Work instructions:
Skip the pictures, and retype the data below in full, exactly.

Dataset extract:
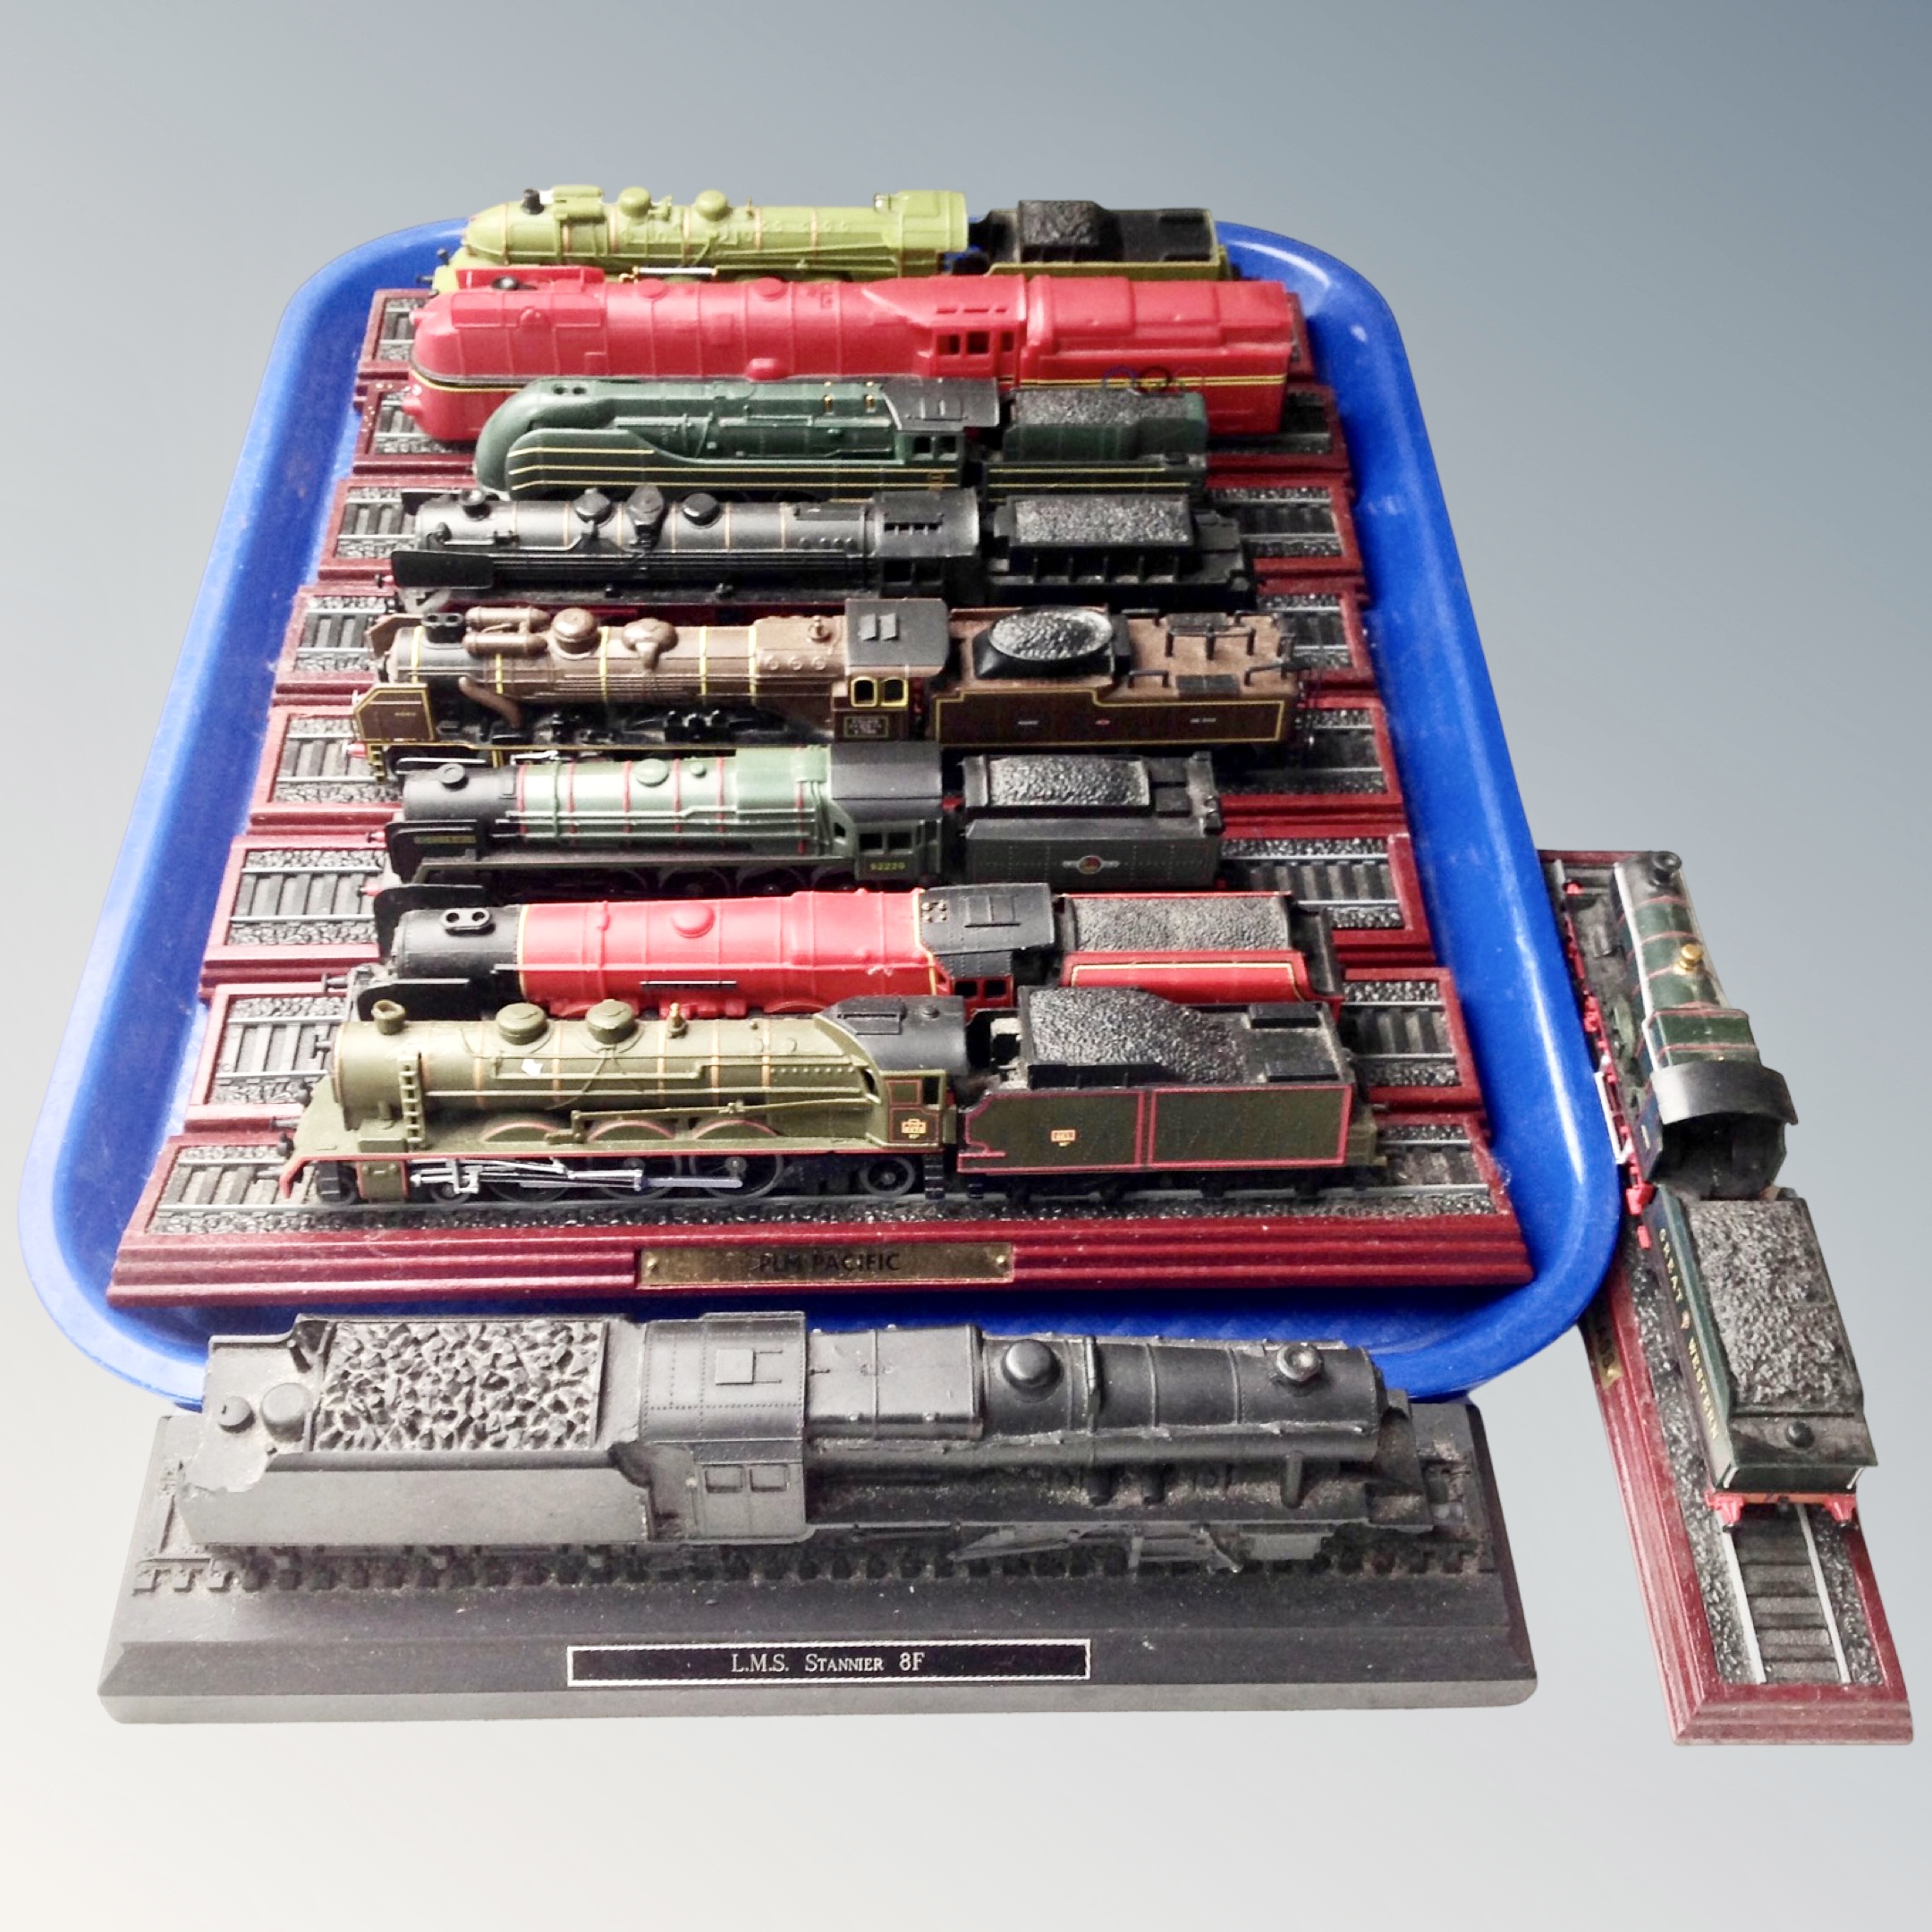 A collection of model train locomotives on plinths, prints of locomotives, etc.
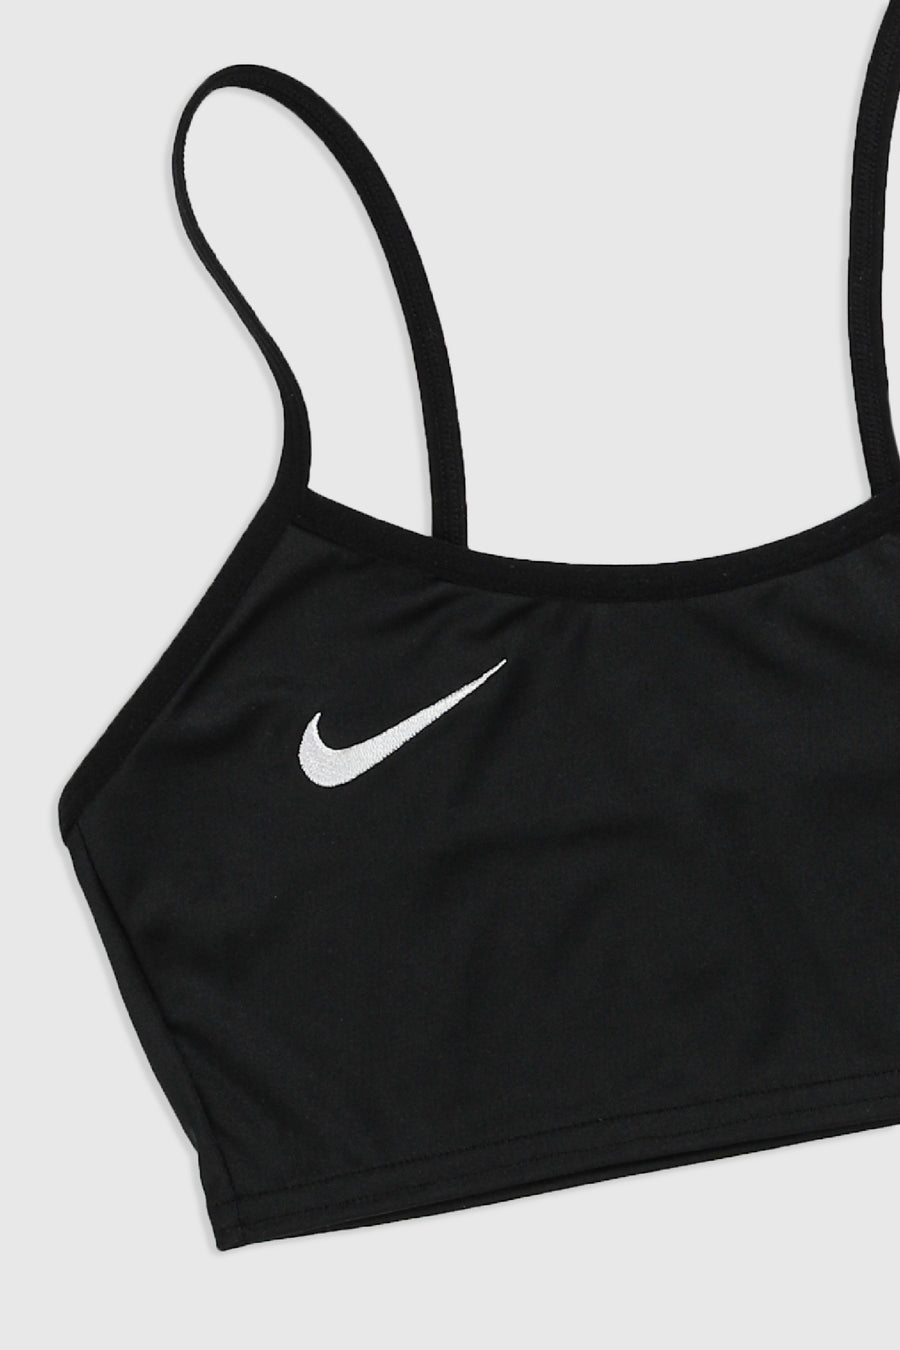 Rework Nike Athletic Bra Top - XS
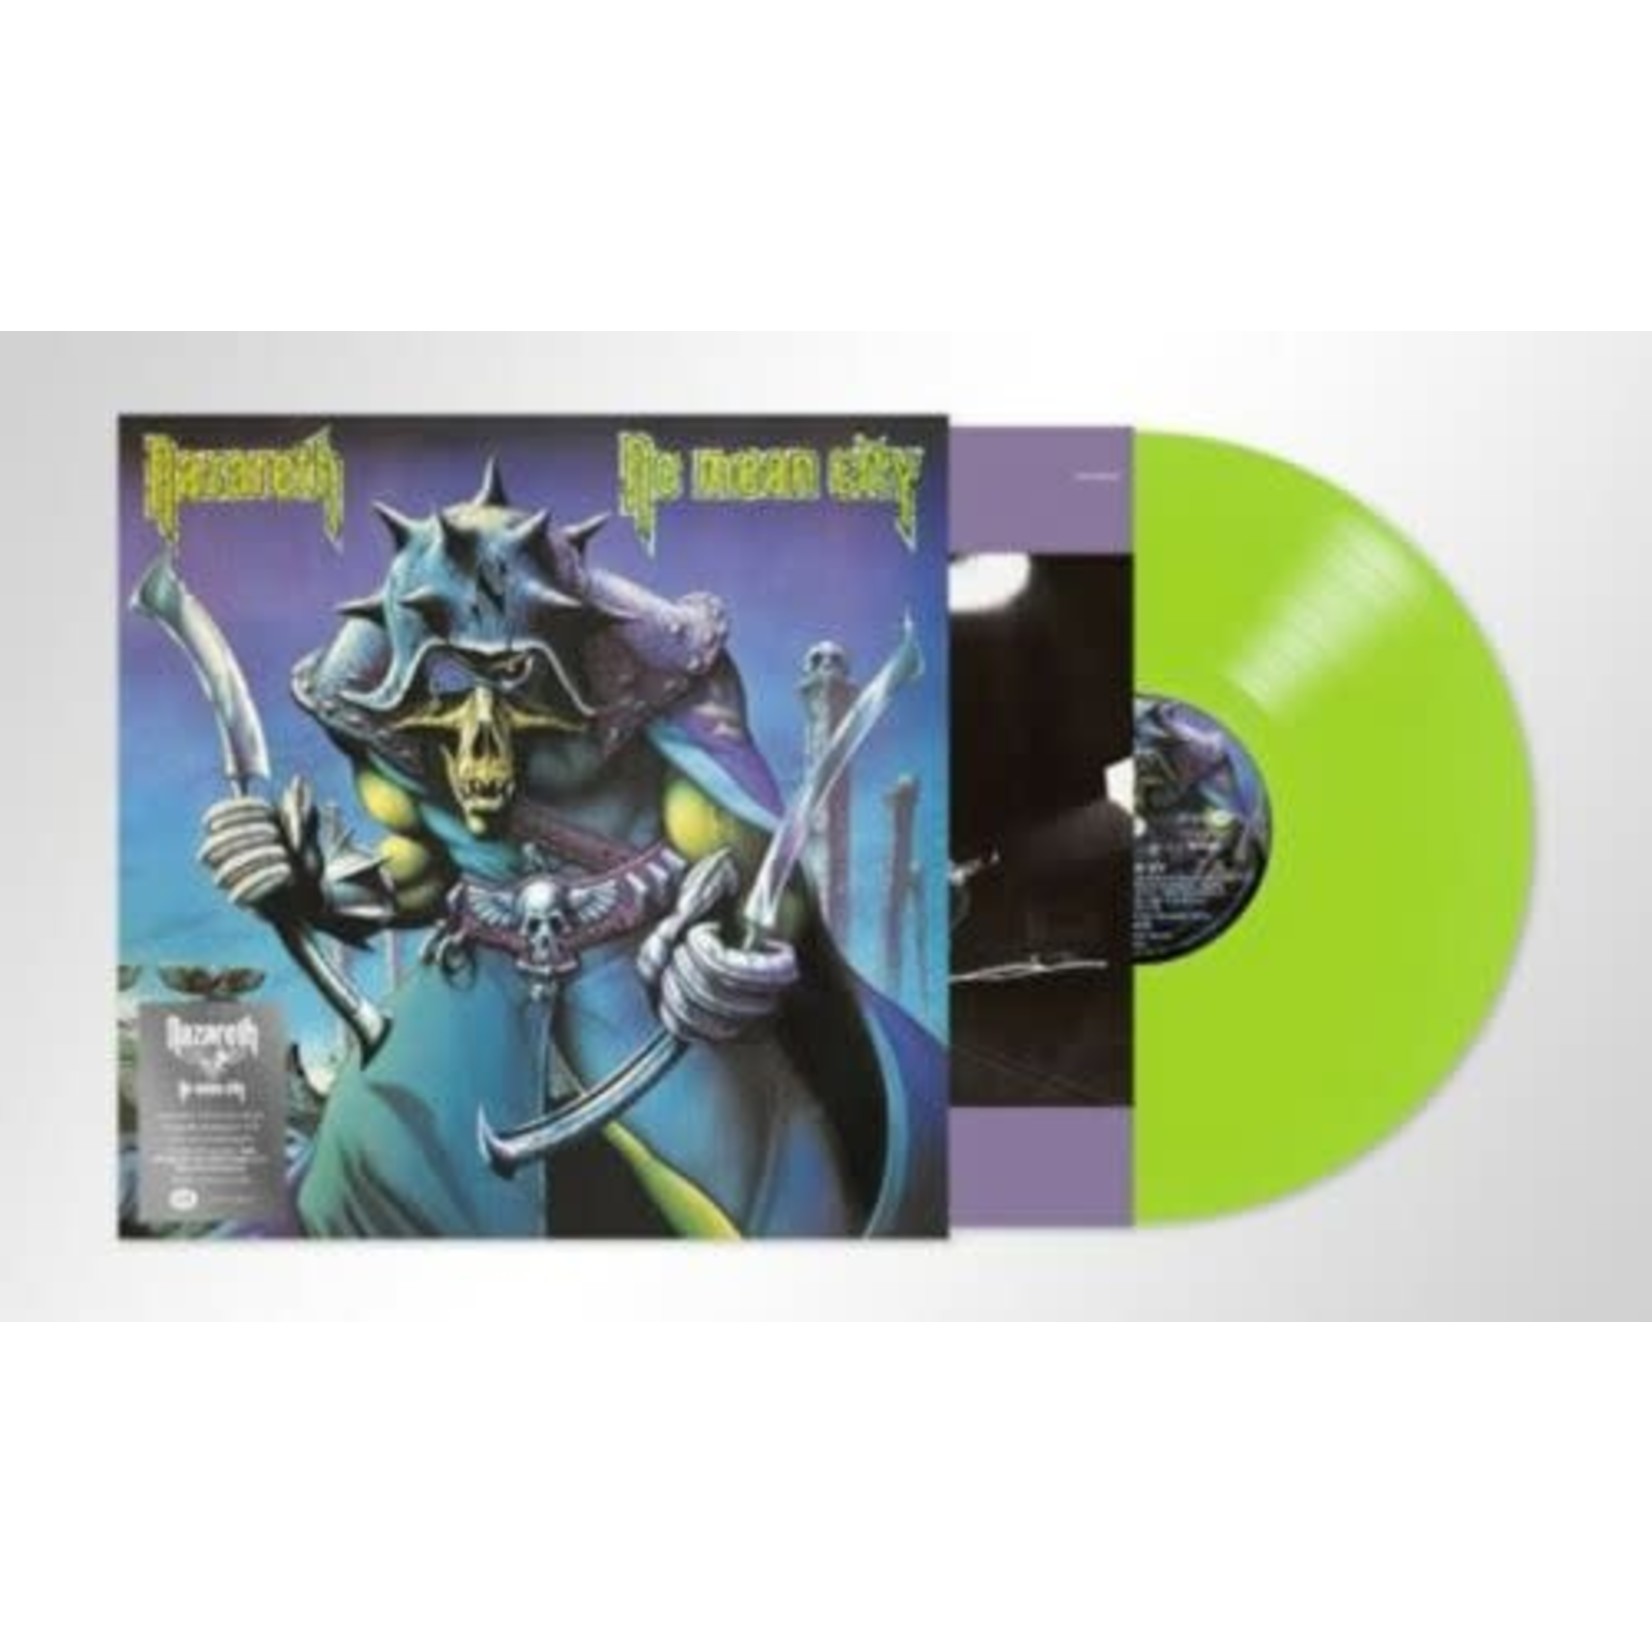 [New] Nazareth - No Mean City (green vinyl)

Task answer:
 A collection of model train locomotives on plinths, prints of locomotives, etc.
 Rework Nike Athletic Bra Top - XS
 [New] Nazareth - No Mean City (green vinyl)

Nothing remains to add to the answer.